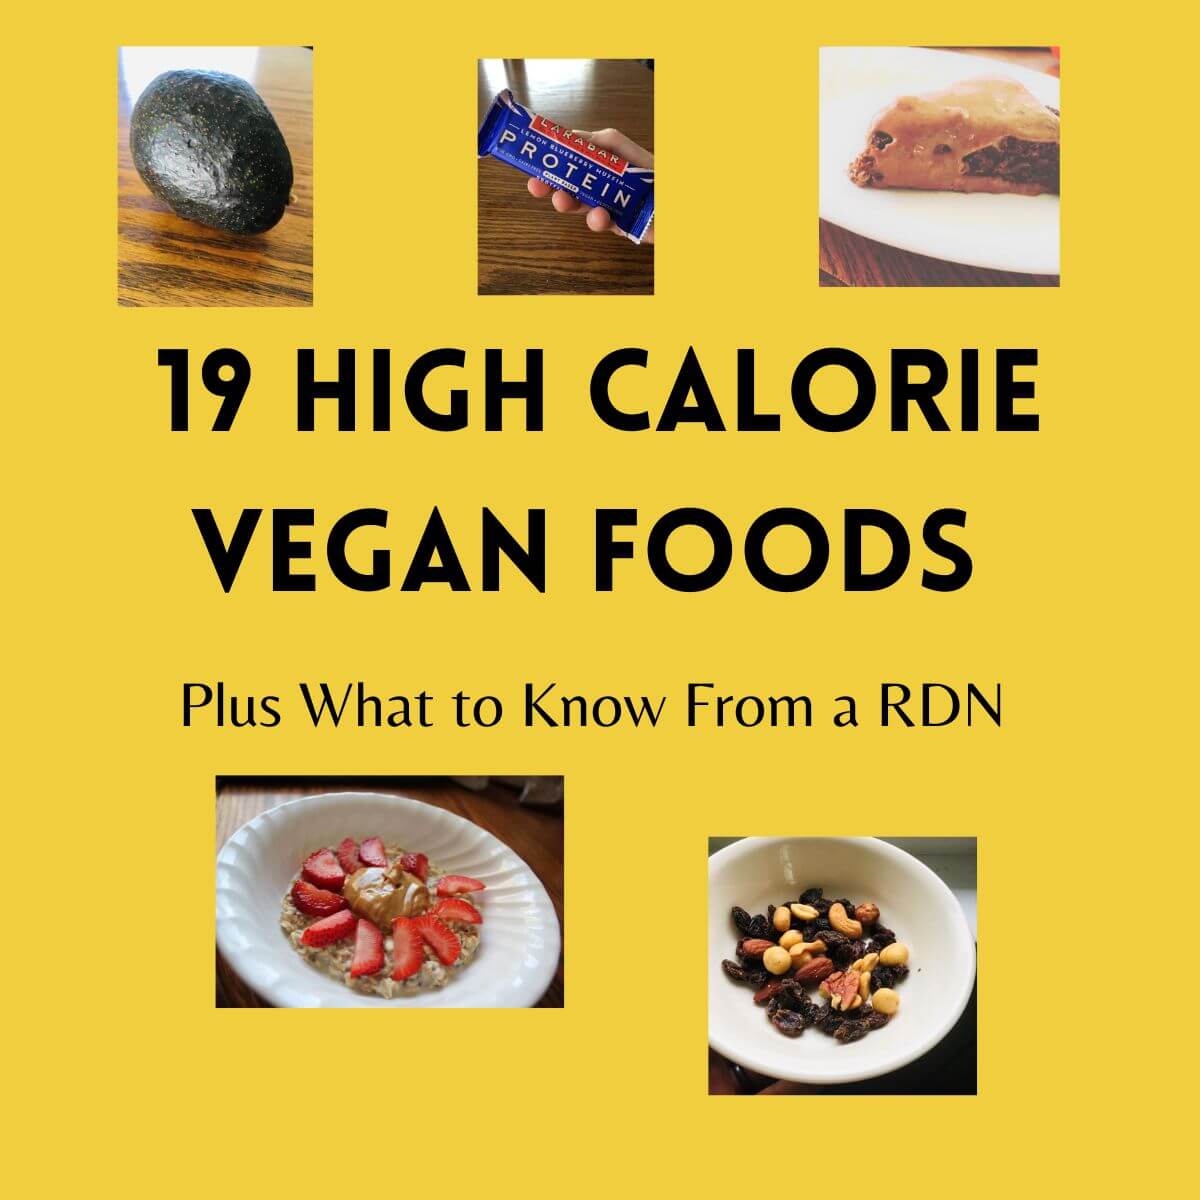 featured image for post: 19 high calorie vegan foods plus what to know from a RDN. Pictures include a avocado, a vegan protein bar, a vegan chocolate cake, nuts and dried fruit, and oatmeal topped with peanut butter and strawberries.
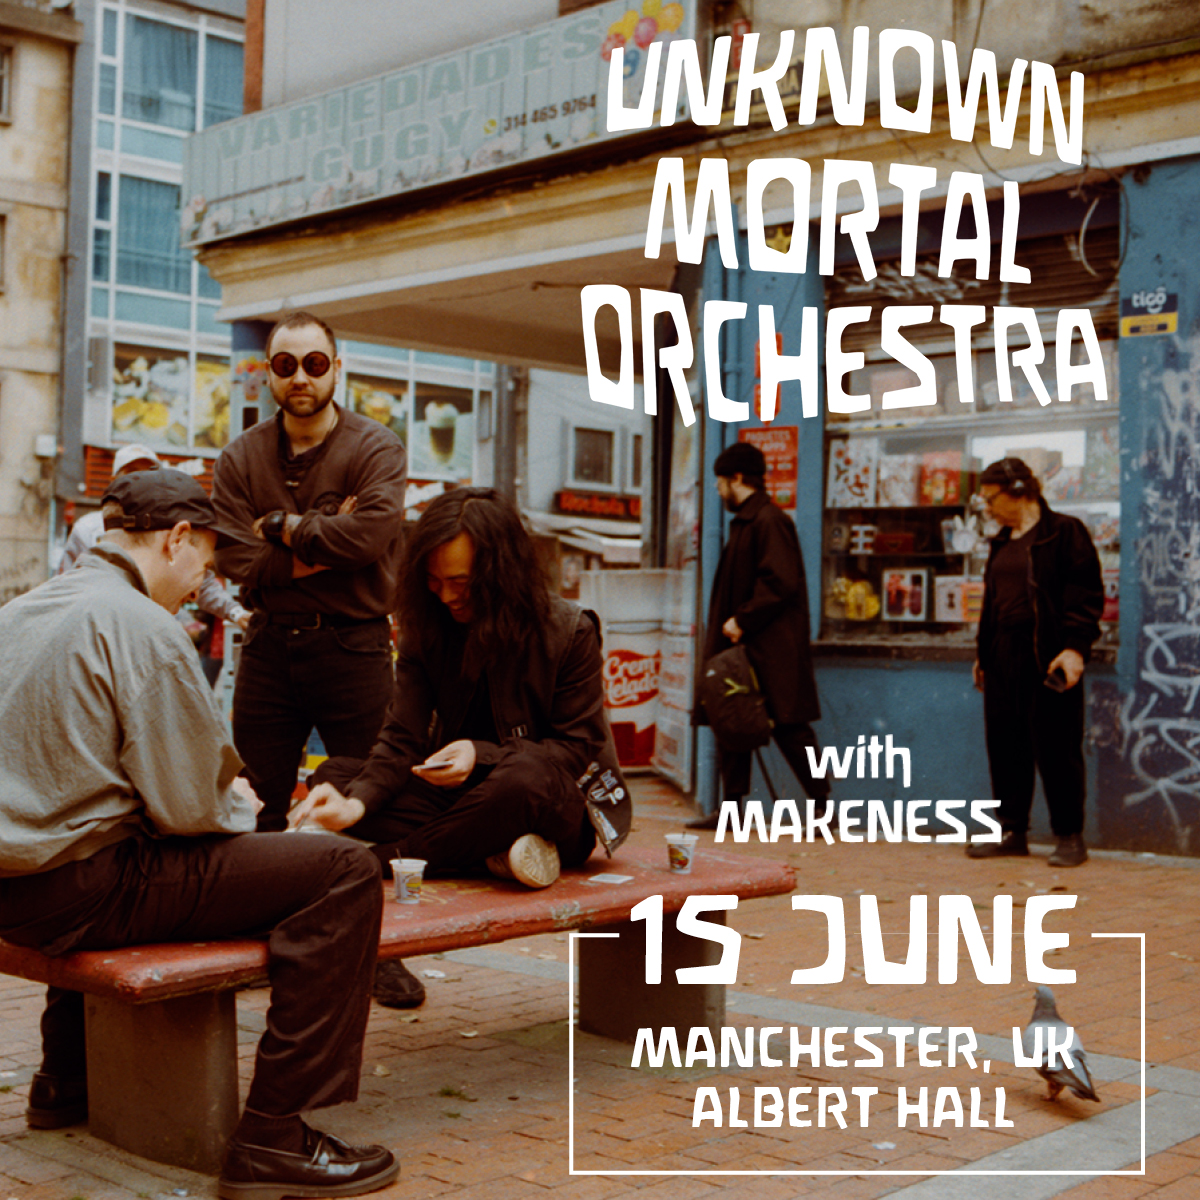 TWO WEEKS TO GO: On Thursday the 15th of June, @UMO are taking to our stage, as part of their UK + EU tour, following the release of their melodic fifth album, earlier this year! Tickets running low: tinyurl.com/55vnhzcc
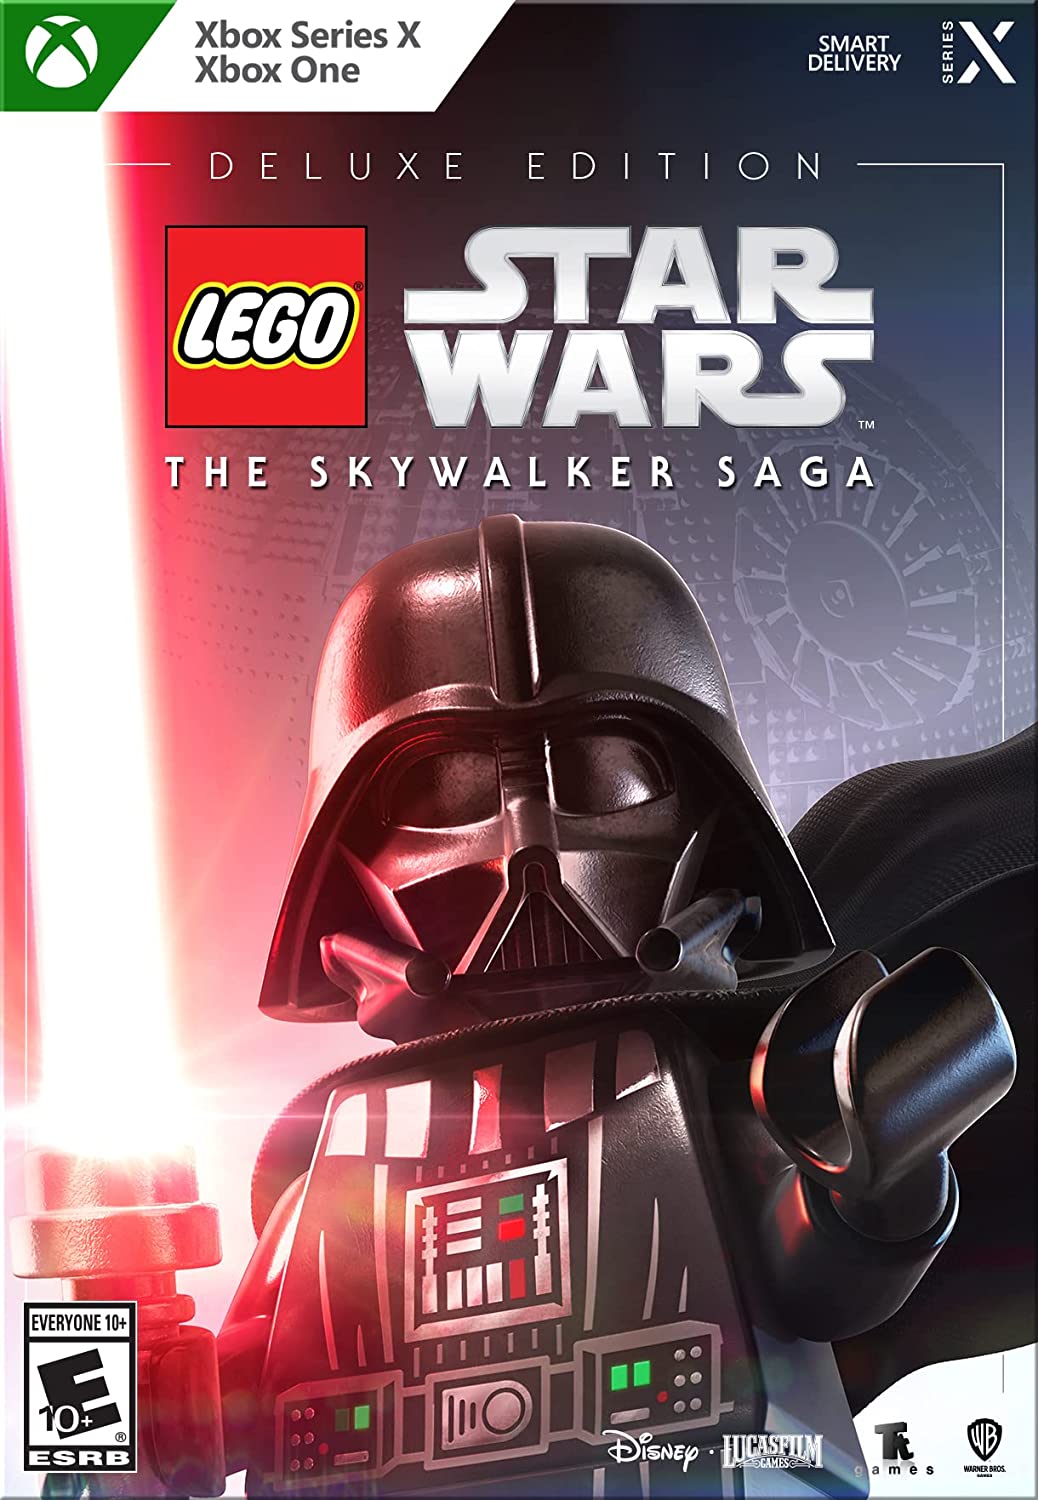 LEGO Star Wars: The Skywalker Saga - Deluxe Edition - (XSX) Xbox Series X Video Games WB Games   
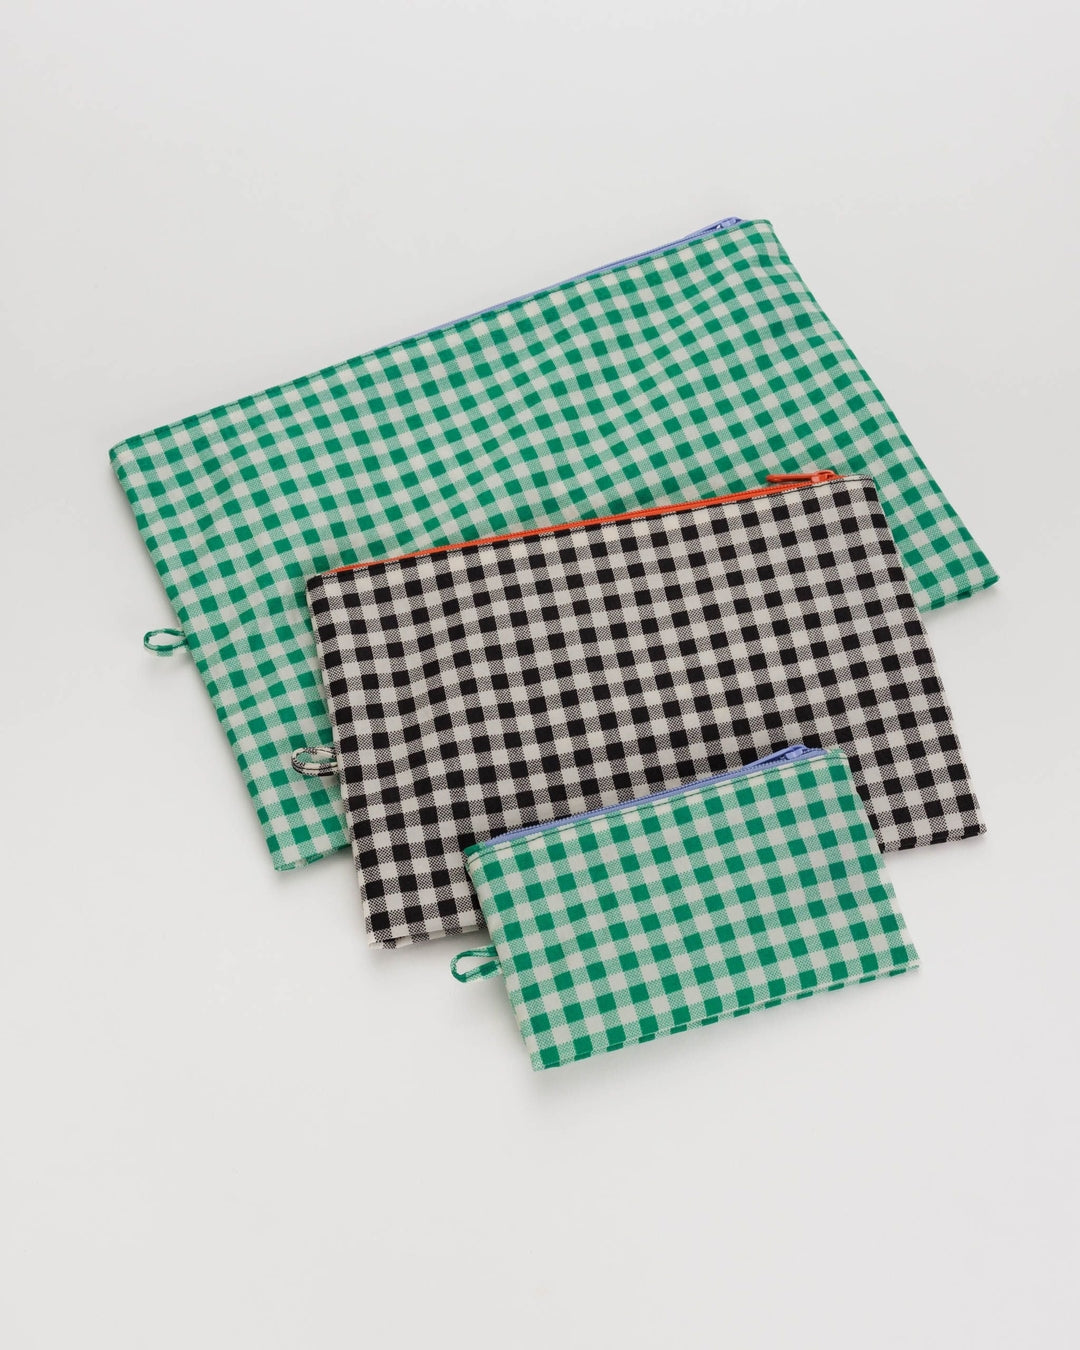 Go Pouch Set - Gingham [PRE ORDER]
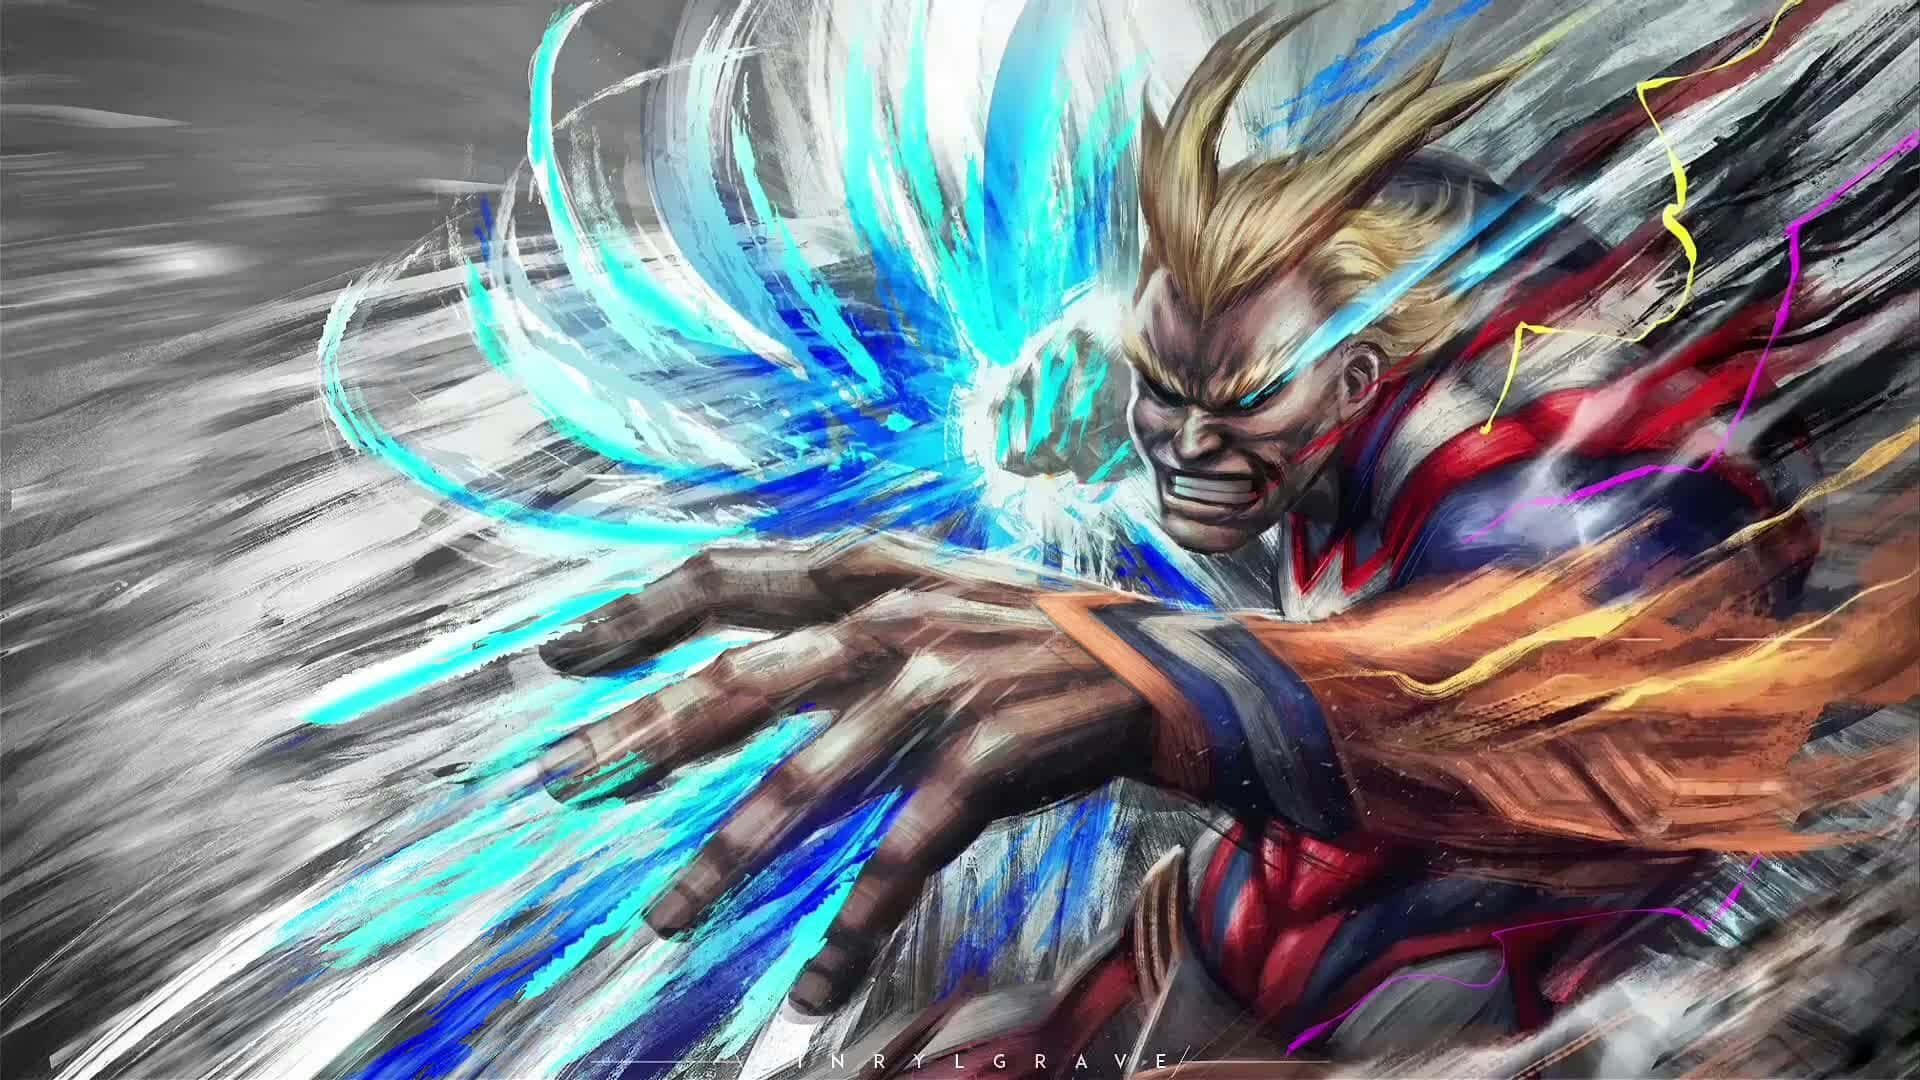 The hero we need - All Might
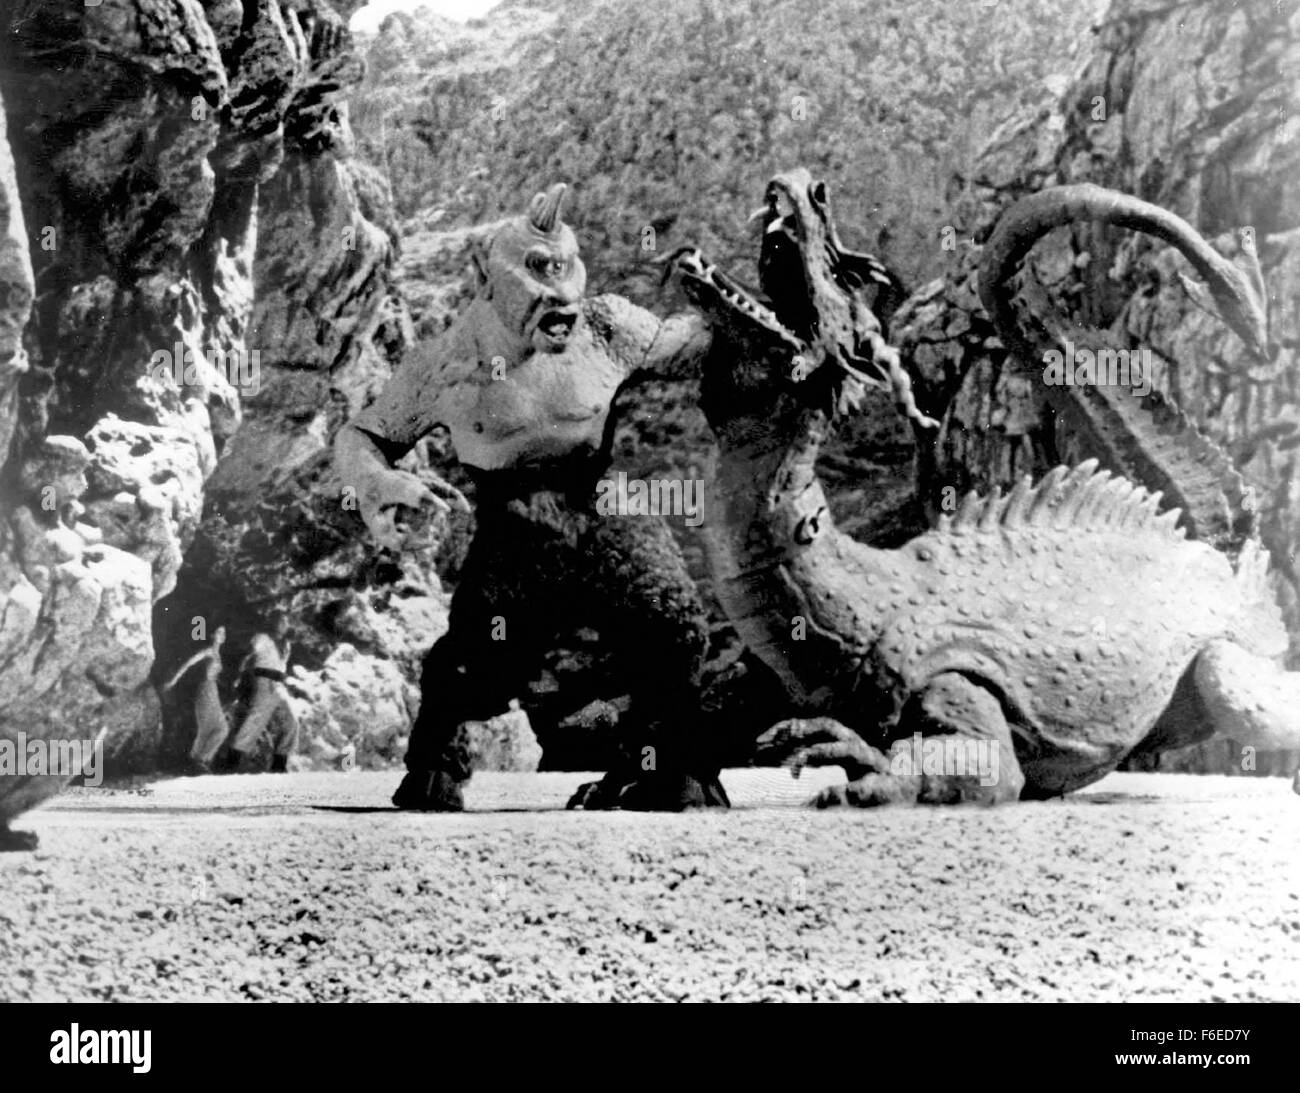 Dec 23, 1958; Hollywood, CA, USA; A scene wher the Cyclops battles the dragon in the Columbia Pictures fantasy adventure, 'The 7th Voyage of Sinbad.' Directed by Nathan Juran. Stock Photo
- - - -
(Exercise directions)
Without including any picture, repeat the data exactly.

(Answer box)
 featured image for post: 19 high calorie vegan foods plus what to know from a RDN. Pictures include a avocado, a vegan protein bar, a vegan chocolate cake, nuts and dried fruit, and oatmeal topped with peanut butter and strawberries.
 TWO WEEKS TO GO: On Thursday the 15th of June, @UMO are taking to our stage, as part of their UK + EU tour, following the release of their melodic fifth album, earlier this year! Tickets running low: tinyurl.com/55vnhzcc
 LEGO Star Wars: The Skywalker Saga - Deluxe Edition - (XSX) Xbox Series X Video Games WB Games   
 Go Pouch Set - Gingham [PRE ORDER]
 The hero we need - All Might
 Dec 23, 1958; Hollywood, CA, USA; A scene wher the Cyclops battles the dragon in the Columbia Pictures fantasy adventure, 'The 7th Voyage of Sinbad.' Directed by Nathan Juran. Stock Photo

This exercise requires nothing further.